Улисс подвел их к ближнему костру, у которого двое белых бродяг, сидя на шпалах, ели из жестяных мисок, а гладко выбритый чернокожий помешивал содержимое чугунного котла. Увидев Улисса, черный улыбнулся.
— Только посмотрите, кого принесло.
— Привет, Стью, — поздоровался Улисс.
Но стоило Эммету с Билли показаться у него из-за спины, радушие на лице повара сменилось удивлением.
— Они со мной, — пояснил Улисс.
— Приехали с тобой? — спросил Стью.
— Я, вроде, так и сказал.
— Да, конечно…
— Есть место у твоей лачуги?
— Да вроде есть.
— Пойду посмотрю. А ты пока приготовь нам чего-нибудь.
— Мальчишкам тоже?
— Мальчишкам тоже.
Эммету показалось, что Стью хотел было снова выразить удивление, но передумал. Бродяги оторвались от еды и с интересом наблюдали за тем, как Улисс достает из кармана кошелек. Что Улисс собирается заплатить и за них с братом, Эммет понял не сразу.
— Подождите, — сказал Эммет. — Улисс, давайте мы за вас заплатим.
Эммет достал пятидолларовую купюру, которую сунул ему в нагрудный карман Паркер, шагнул вперед и протянул ее Стью. Только тогда он увидел, что держит не пять долларов. А пятьдесят.
Стью и Улисс посмотрели на купюру, потом Стью перевел взгляд на Улисса, а тот — на Эммета.
— Убери это, — сказал Улисс строго.
Эммет с пылающими щеками положил деньги обратно. Только после этого Улисс повернулся к Стью и заплатил за еду. Затем обратился к Эммету и Билли — как всегда так, будто все было делом решенным.
— Займу для нас место. Вы двое садитесь и ешьте. Вернусь через минуту.
Эммет смотрел, как Улисс уходит, и чувствовал, что потерял всякую охоту есть и сидеть. Но Билли уже держал на коленях кукурузную лепешку и миску с чили, а Стью наполнял вторую.
— Так же вкусно, как у Салли.
Эммет сказал себе, что отказываться невежливо, и взял миску.
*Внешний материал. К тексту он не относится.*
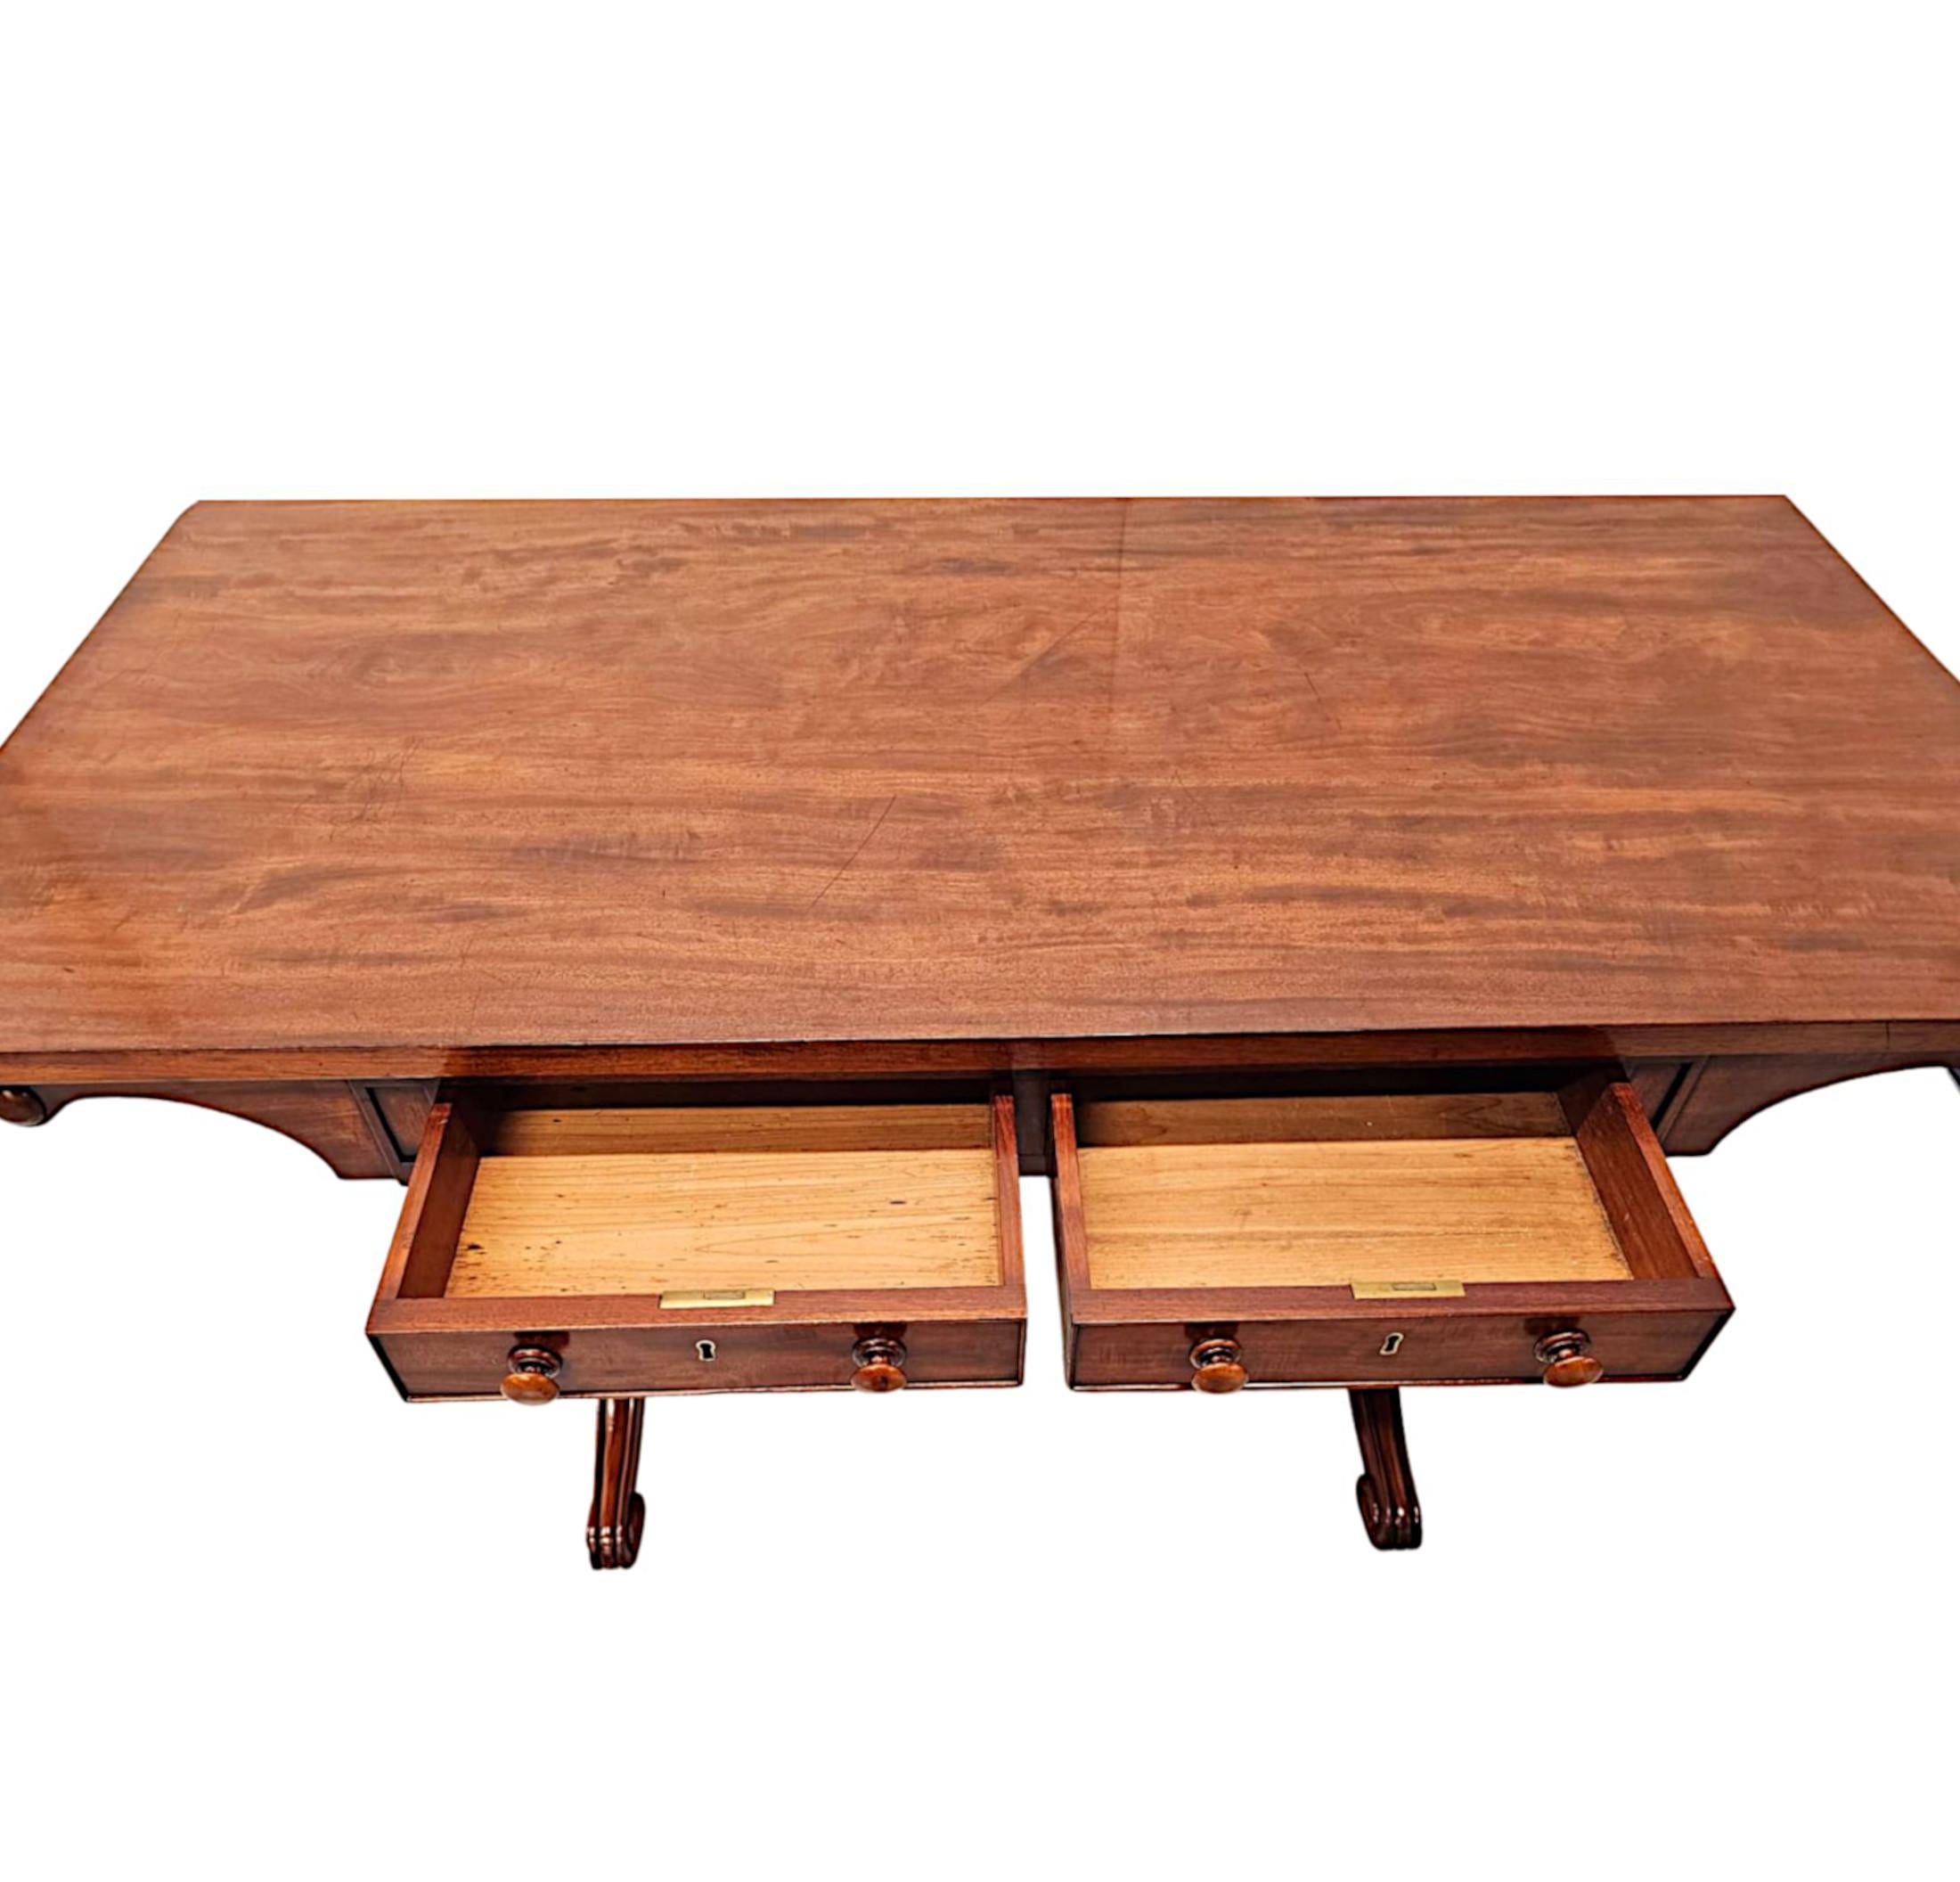  A  Fine 19th Century Irish Library Table Attributed to Gillingtons of Dublin For Sale 2

С первого же кусочка он понял, насколько проголодался. Еду из пульмановского вагона они доели несколько часов назад. К тому же Билли не соврал. Чили было таким же вкусным, как у Салли. Может, даже лучше. Судя по копченому привкусу, Стью не пожалел бекона, да и говядина на вкус оказалась неожиданно хороша. Когда Стью предложил добавки, Эммет не возражал.
Отдав миску, Эммет настороженно присмотрелся к бродягам по другую сторону костра. При взгляде на их поношенную одежду и небритые лица определить их возраст было сложно, но Эммет подозревал, что они моложе, чем кажутся.
Высокий и худой слева показательно не обращал внимания ни на Эммета, ни на его брата. Но тот, что сидел справа и улыбался им, вдруг помахал.
Билли помахал в ответ.
— Приветствую вас, усталые путники, — заговорил бродяга. — Откуда путь держите?
— Из Небраски, — отозвался Билли.
— Небраска, а? Давненько не бывал я в Небраске. Что привело вас в «Большое яблоко»?
— Мы приехали забрать машину Эммета, — ответил Билли. — Чтобы поехать на ней в Калифорнию.
Высокий при упоминании машины вдруг взглянул на них с интересом.
Эммет положил руку брату на колено.
— Мы здесь проездом, — сказал он.
— Тогда вы пришли куда надо, — сказал улыбчивый. — Лучшее в мире место для проезжающих.
— Что ж ты-то все никак не проедешь? — сказал высокий.
Нахмурившись, улыбчивый повернулся к соседу, но, прежде чем он успел хоть что-то сказать, высокий обратился к Билли:
— За машиной приехали, говоришь?
Эммет собрался было вмешаться, но тут у костра вырос Улисс. Он заглянул высокому в миску.
— Ты, кажется, уже поел.
Бродяги взглянули на Улисса.
— Я сам решаю, когда поел, а когда нет, — сказал высокий.
Он бросил миску на землю.
— Вот теперь поел.
Высокий поднялся; улыбчивый подмигнул Билли и тоже встал.
Улисс проводил их взглядом, сел на освободившееся место и пристально и многозначительно посмотрел на Эммета поверх костра.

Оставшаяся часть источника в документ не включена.